Akhnaten, the third of Philip Glass's "portrait" operas, is based on the life of the Egyptian pharaoh Akhnaten, who ruled Egypt from 1375 BC to 1358 B.C. whose visionary ideas dramatically changed the perceptions of the world around him.

Akhnaten appears in the midpoint of the time span of three millenia. His dynasty was the eighteenth to rule since the time of Menes, and, when he ascended the throne in 1375 BC, he fell heir to centuries of rigid conservatism and inflexibility.  This fanatical conservatism, noted by the Greeks and other early visitors to Egypt, was the product of the secure, cyclical nature of the Egyptian environment.  During the reign of Amenhotep III, Akhnaten's father, the Egyptian religion, characterized by a bewildering multiplicity of gods, was dominated by the priesthood of Amon, god of Thebes. Economic and political power lay in the hands of that priesthood, and the priests' influence over the royal court was considerable.

Religious and theological distinctions tended to blur. Men of neighbouring countries realized that there could be only one set of divine powers, though the names of the gods might differ from locale to locale. Within Egypt itself there were ideological forces tending toward monotheism.  The most frequent worshipped force in the natural world was the sun.  The sun also had a secular designation - aten - which symbolized the sun disk itself. The stage was thus set for Akhnaten's introduction of the aten as the manifestation of the supreme power of the universe.

Akhnaten's reign, and his revolution, lasted only seventeen years. His rebellion against the massive weight of tradition encompassed religion, statecraft, art and language; and in each of these areas he attempted revolutionary innovations.  His reign ended violently. The forces of conservatism and reaction were too powerful, and the old order prevailed. The failure of his revolution strengthened the conservative trend in Egyptian life.

 

The Opera Synopsis: Act I reveals Akhnaten's ascendency to the throne. It commences with the death of Amenhotep III, Akhnaten's father and introduces one of the major recurring themes of the opera - the Egyptian funeral rite.
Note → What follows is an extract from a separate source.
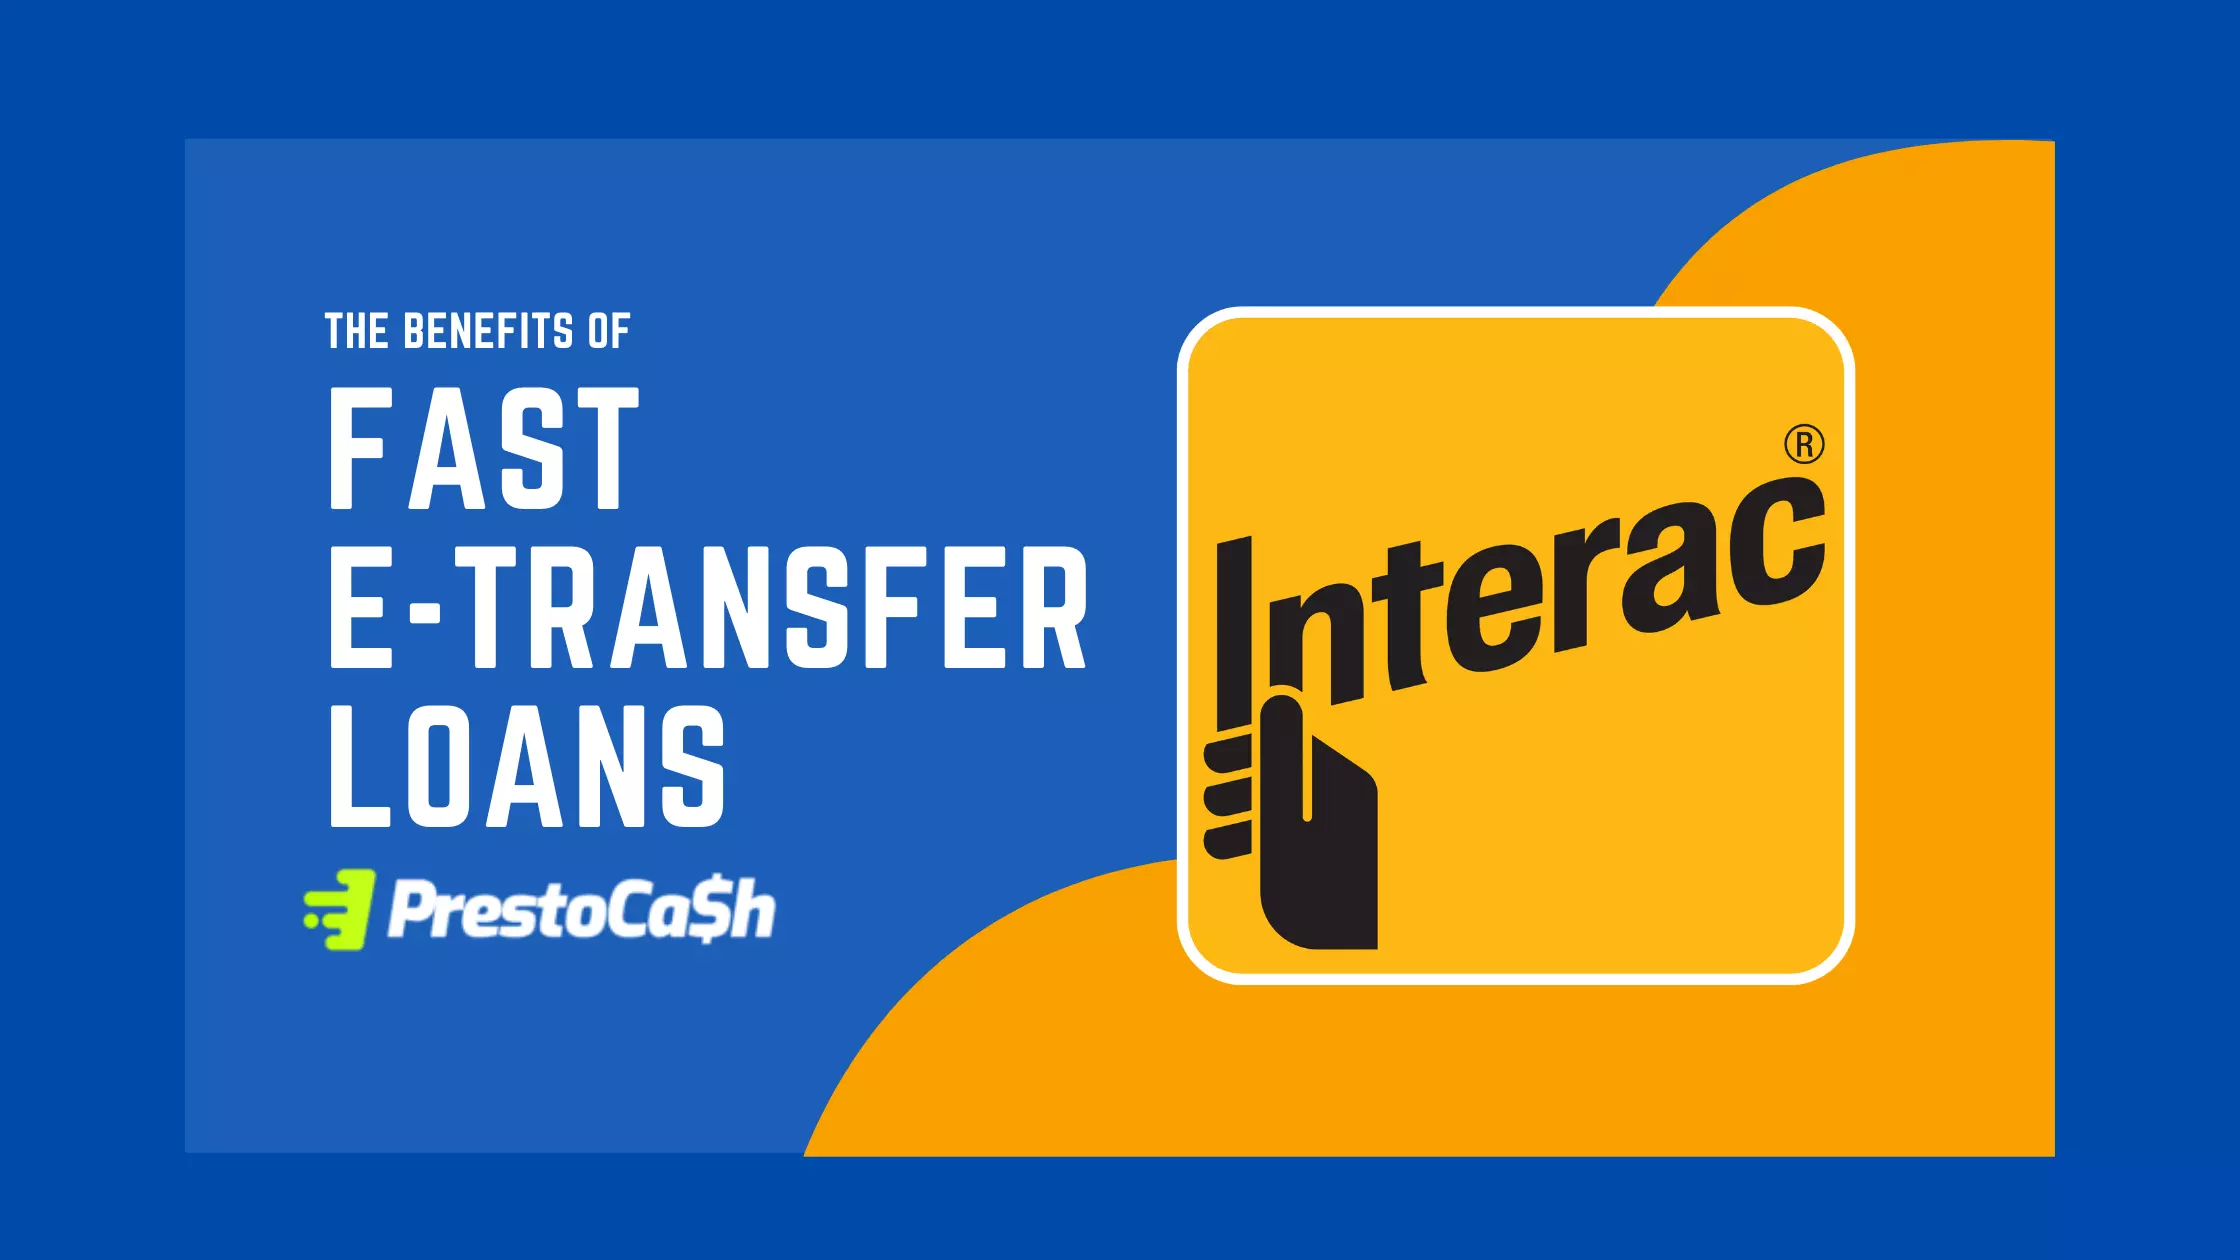 Fast e-transfer loans in canada

The funeral symbolizes the Egyptian interest in life after death, and, through its recurring presence, it becomes the unifying image of the opera. Amenhotep IV (meaning "spirit of Amon") is crowned pharaoh, but when he rises to address his people he has become Akhnaten (meaning "spirit of Aten"), signifying his favor of the innovative concept of the monotheistic god Aten who was the first totally abstract concept of God, and Akhnaten calls on his people to worship Aten.
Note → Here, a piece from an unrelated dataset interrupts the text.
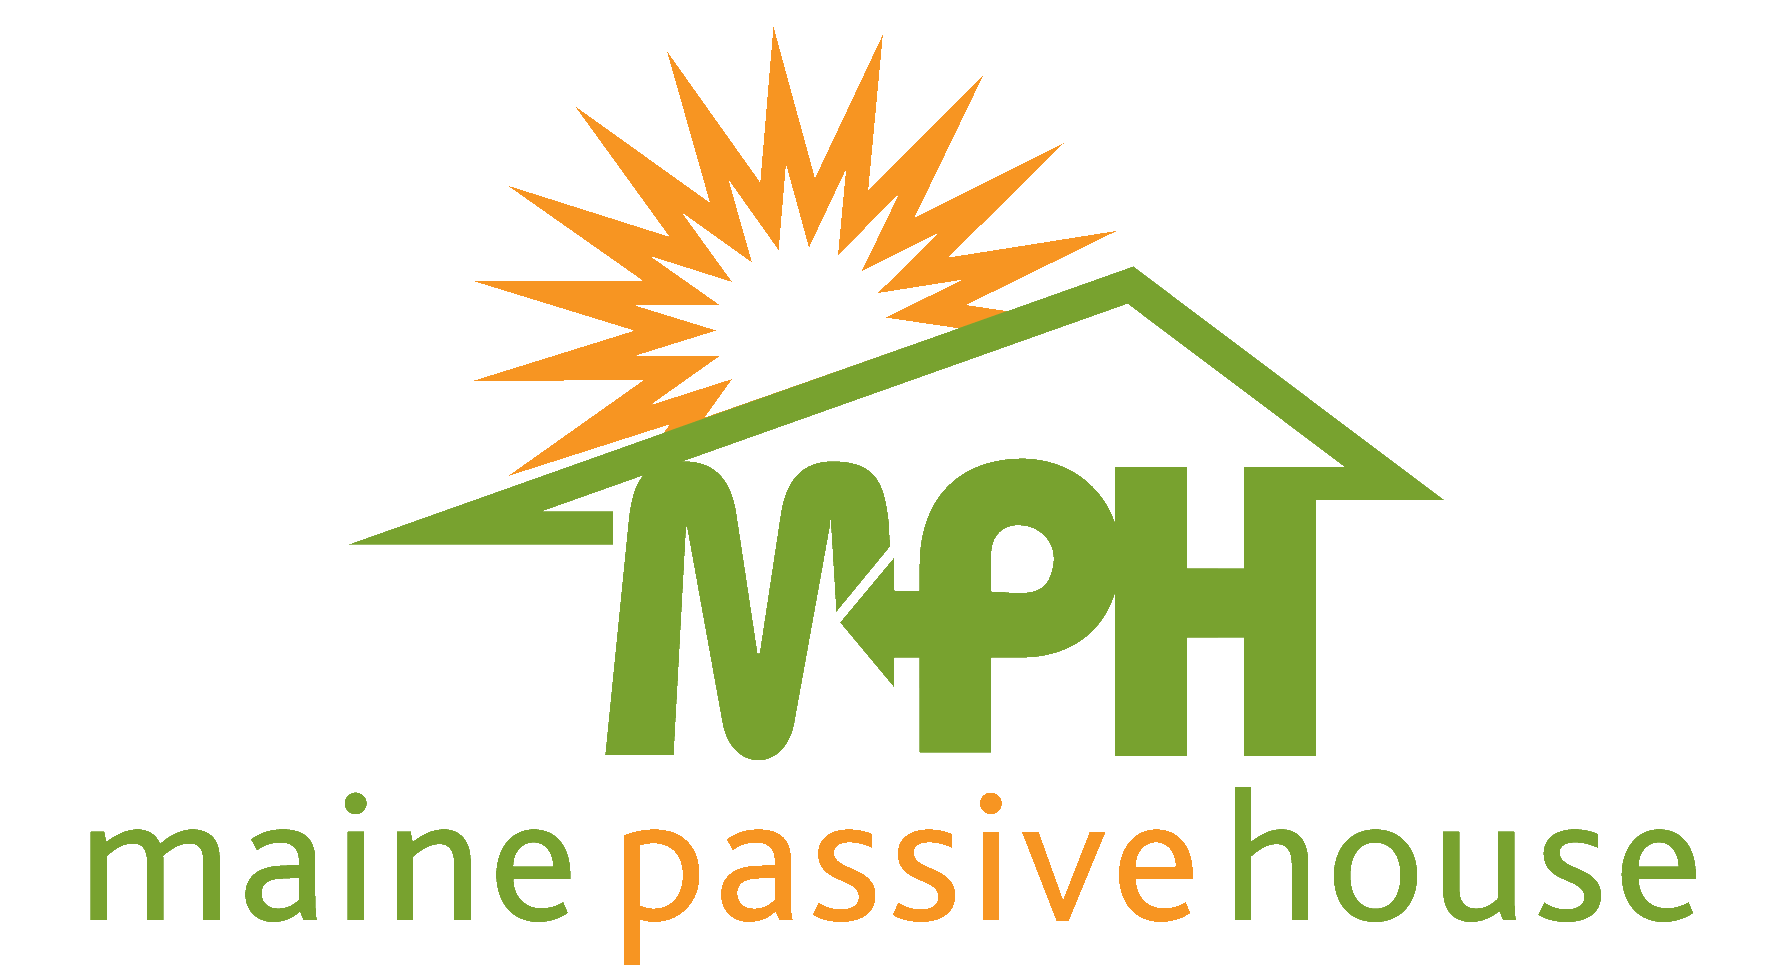 Maine passive house company logo

Act II portrays the changes Akhnaten wrought: leading a revolt he deposes the powerful priests of Amon, the old order; abandons the polygamy of prior pharaohs for the love of his beautiful wife, Nefertiti; and he creates Akhetaten, "City of the Horizon of Aten", a temple of art and beauty in honor of his new god. The act ends with Akhnaten's hymn to the god.
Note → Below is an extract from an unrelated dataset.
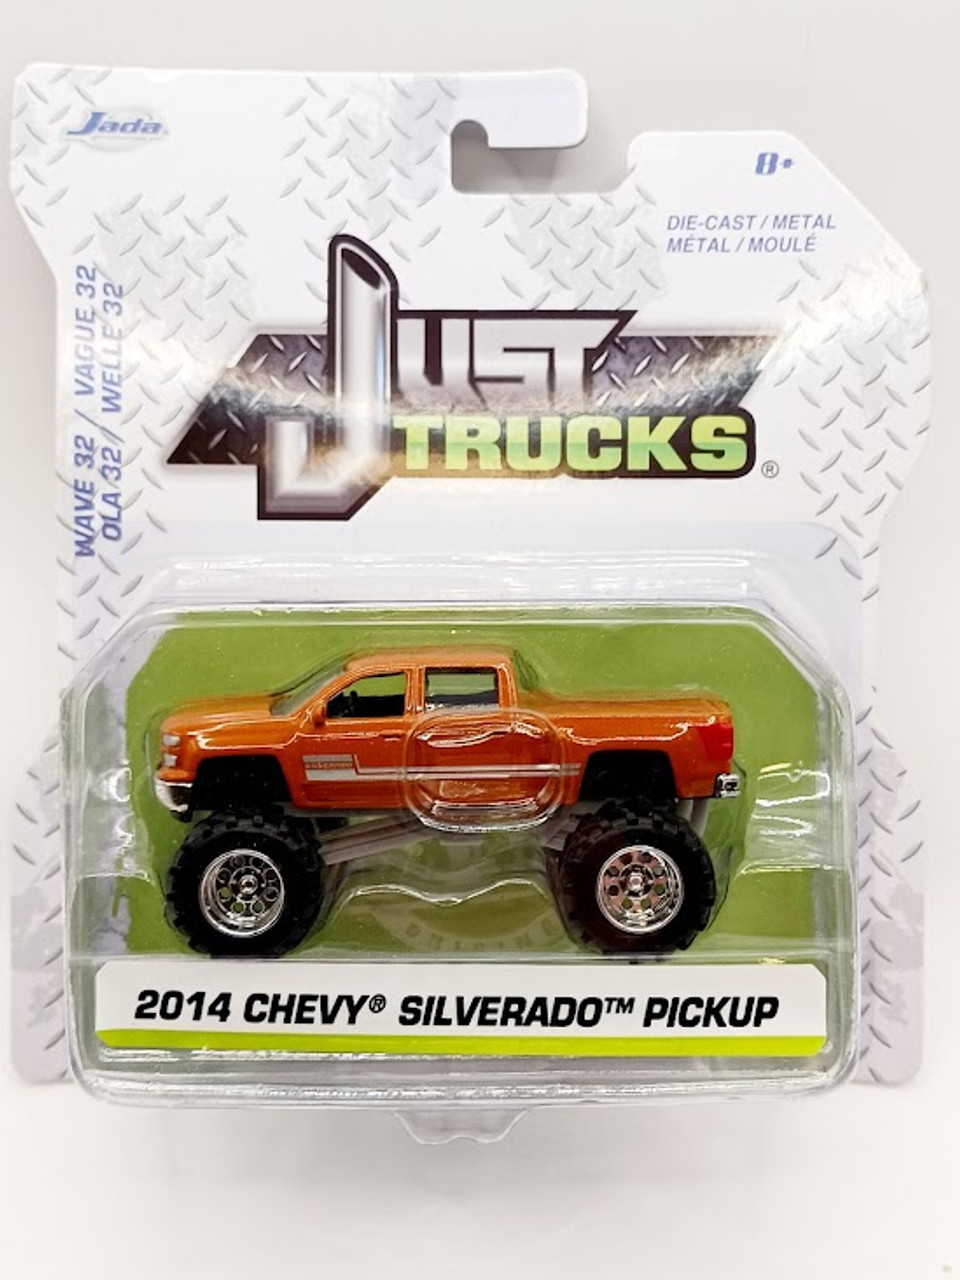 2014 Chevy Silverado Pickup Orange Just Trucks

Act III depicts Akhnaten's fall. Isolated from his people and oblivious to the pleas of the outlying lands of his kingdom, where foreign barbarians are attacking the Egyptian empire, Akhnaten dwells in an insular world of his own creation. The priests of Amon re-emerge and call for the people to overthrow this pharaoh who, lacking a male heir, must be thought cursed by the gods for his heresy. The temple of Akhetaten is destroyed. The old order is restored. In the Epilogue we find Akhnaten and his family wandering among the ruins. Slowly realizing that their time has passed, they join the funeral procession on their last journey...

THE OPERA:  The narration - delivered by the Scribe (Amenhotep, son of Hapu) - presents all the spoken text in the lanuage of the audience. This material, drawn directly from monuments, letters and inscriptions from the time of Akhnaten.

The opera is divided into three acts, each about fifty minutes in lenght. The music in each act is continuous and the scenes follow each other without pause.

THE TEXT:  The vocal text of Akhnaten, with a single exception, is sung in three languages of the ancient Near East (Egyptian, Akkadian and Biblical Hebrew). Ancient Egyptian, written in hieroglyphs, was the language of Akhnaten and his court. The words of these vocal texts have been adapted from the foregoing ancient languages. They are not exact transliterations of the three ancient scripts, since these languages present multiple problems to the transliterator. Egyptian, for example, has no system for indicating vowels, and all of these languages contain sound which are impossible to reproduce in English. We have attempted, therefore, to establish a vocalization that can be effectively rendered by modern singers, enabling them to recreate the rhythms and cadences of the languages of a long- forgotten era.  The previously mentioned exception is Akhnaten's "Hymn to the Aten" in the second act. In this moment of deeply personal religious emotion, Akhnaten clearly was expressing his innermost thoughts. Therefore we have stipulated that the Hymn should always be sung in the language of whatever modern audience is hearing it.